4. Look at the assembly language code produced for the hot spots to see if it is efficient. If the code doesn't look good, tweaking the source code slightly may help the compiler do a better job. If the code still doesn't look good, then send a small piece of source code and the generated assembly language to your compiler vendor so they know what needs to be improved.

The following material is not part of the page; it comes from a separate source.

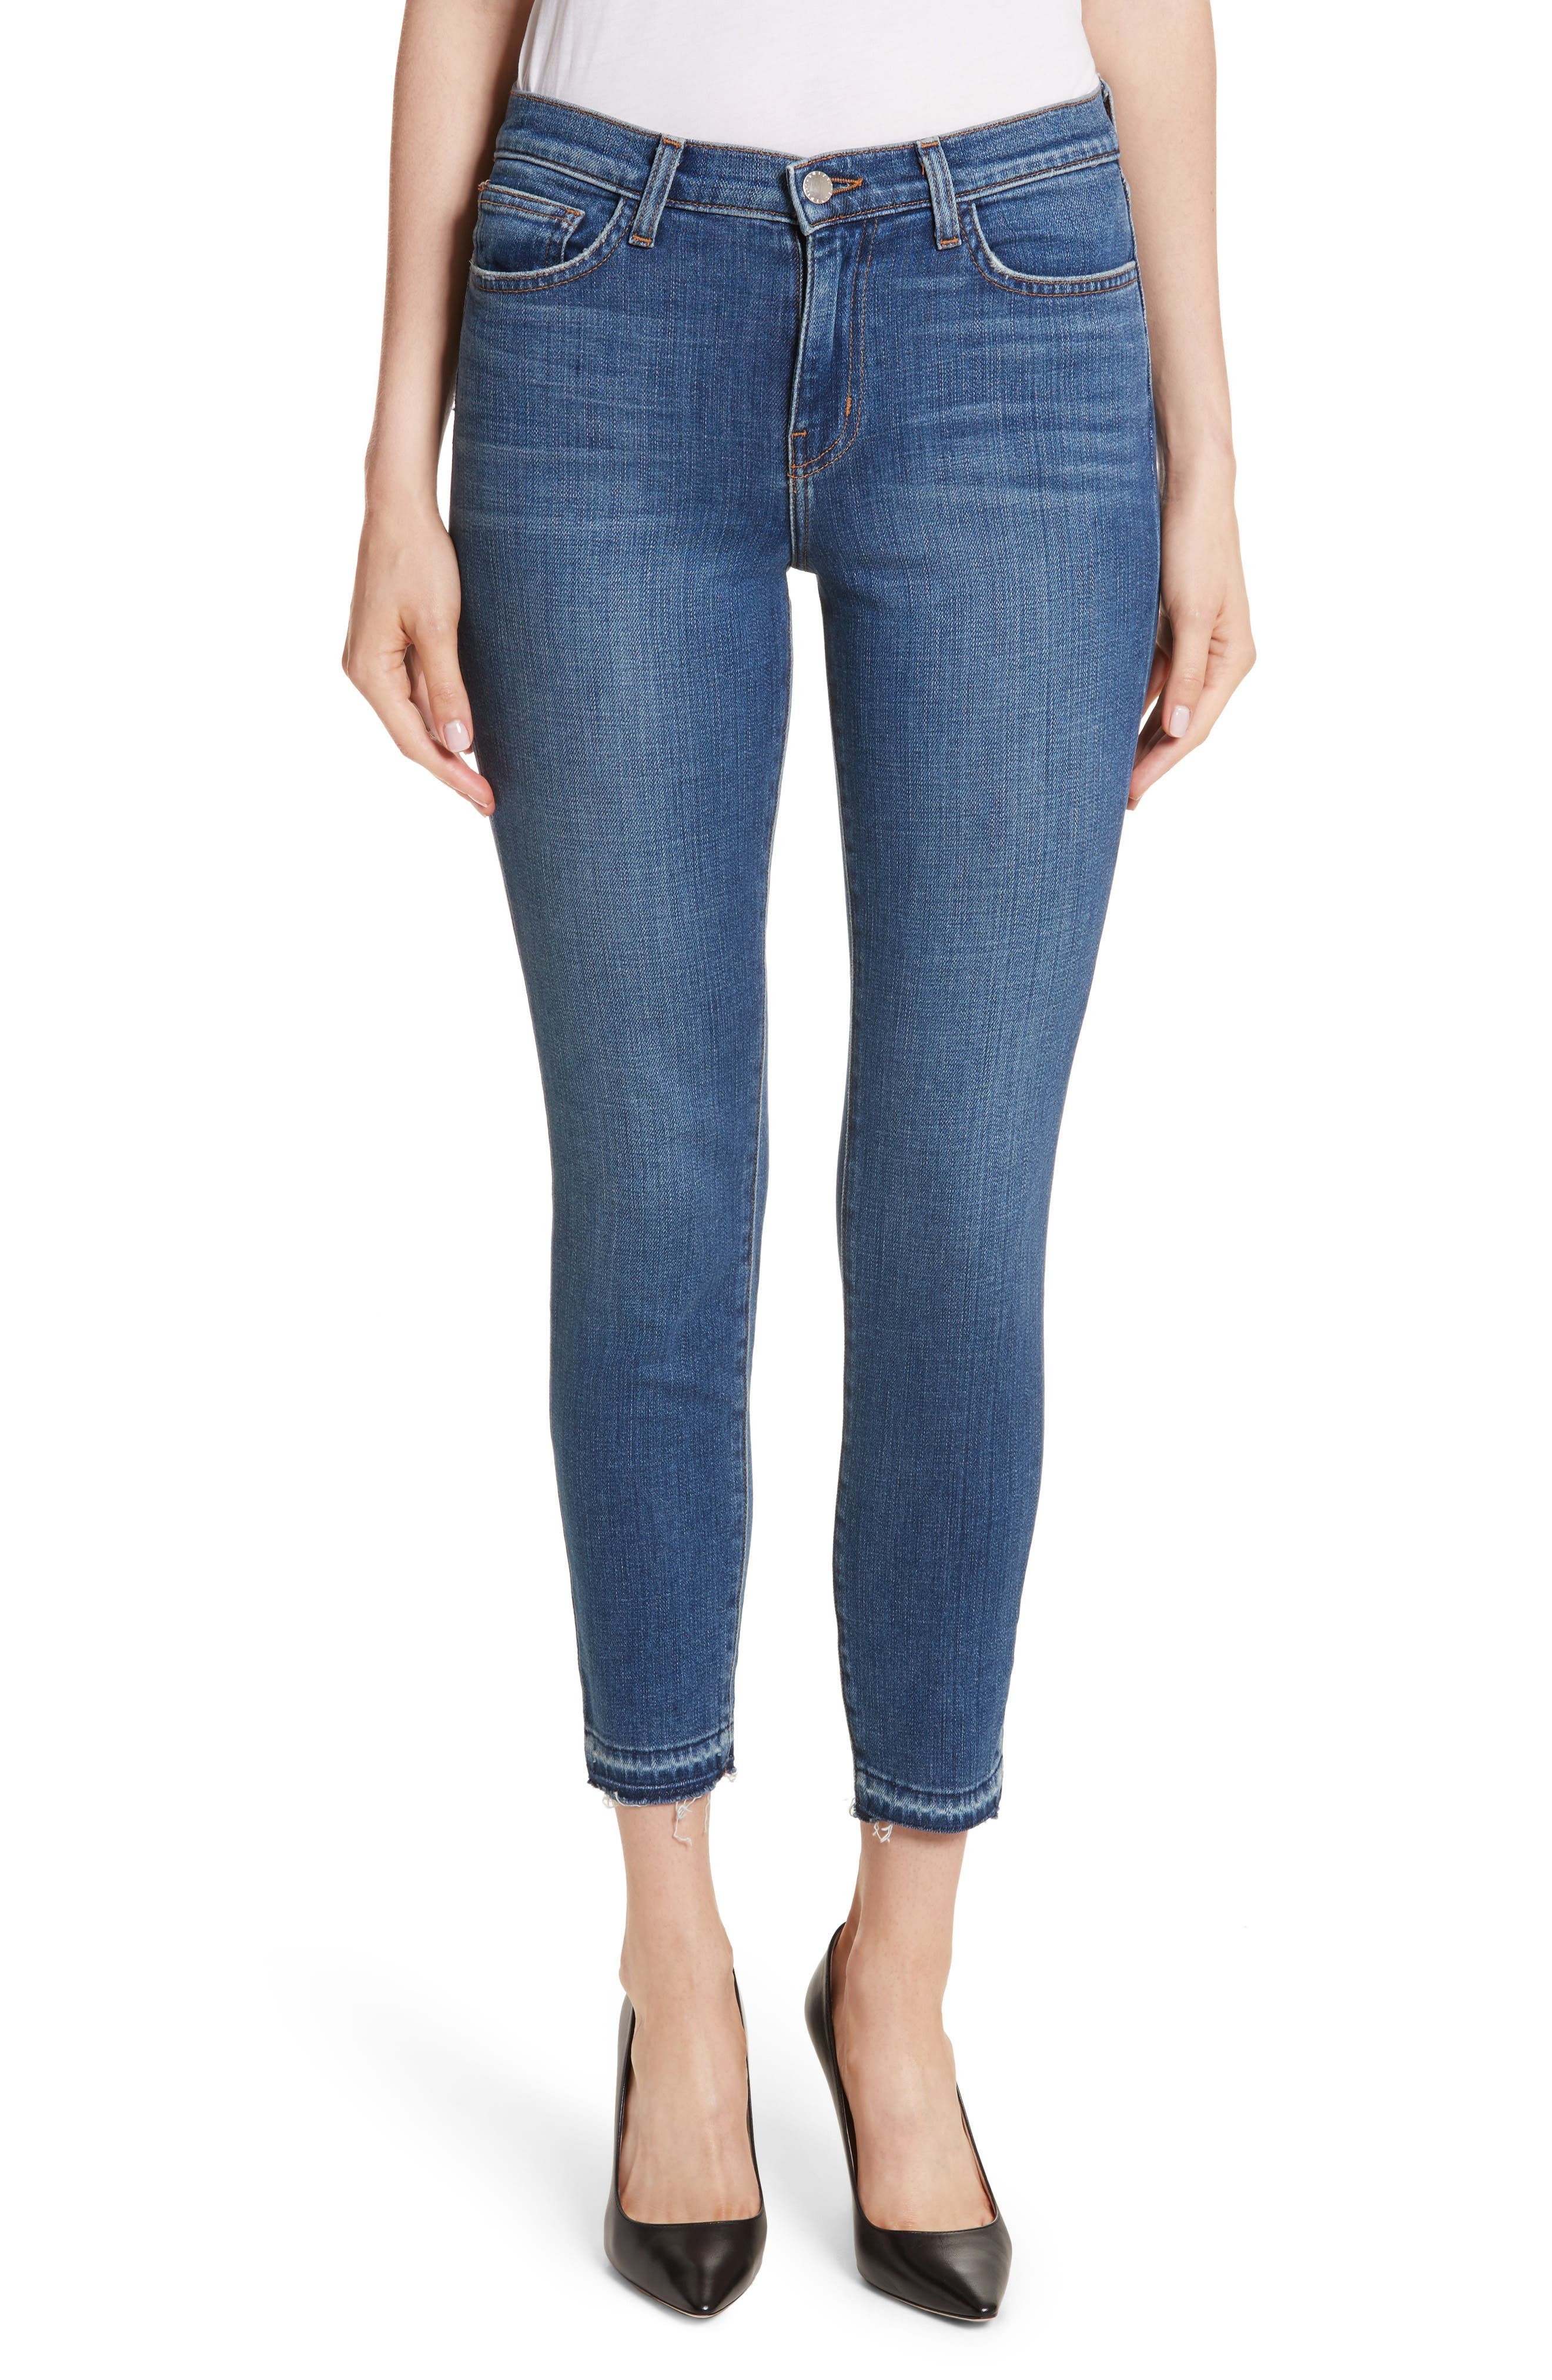 Main Image - L'AGENCE Laguna French High Waist Release Hem Jeans

Default optimization options
Many users keep to the default compiler option of -O
. You should understand that this includes different optimizations for each language. In particular, SunSoft implements four optimization levels: -xO1
, -xO2
, -xO3
, and -xO4
. For Sun Fortran, the default -O
implies -xO3
, while for Sun C it implies -xO2
. Unless you are compiling device driver or kernel code, you should try to use -xO3
as the default option with C. The issue with device drivers is that the compiler can generate faster code if it assumes that variables do not map onto hardware I/O registers. The -xO3
optimizations are safe for normal code, but require that you use the volatile
keyword correctly in your device driver code.
Automatic parallelization
With the introduction and shipment of a large number of multiprocessor machines, it becomes cost-effective to recompile applications to utilize several processors on a single Unix process. SunSoft Developer Products has an automatic parallelizing optimizer available as an option for SPARCompiler 3.0. It supports Fortran 77, Fortran 90 and C. Apogee ships the Kuck and Associates Preprocessor (KAP) as an optional part of its product. This can also be used to parallelize code, although it uses Unix processes as its unit of concurrency, whereas the SunSoft optimizer uses lightweight processes (Solaris 2 threads bound to LWPs) in a single Unix context to reduce context-switching overhead.
Applications vary, and some parallelize better than others. One source of examples is the individual SPECfp92 benchmarks and the PAR94 parallel benchmark suite.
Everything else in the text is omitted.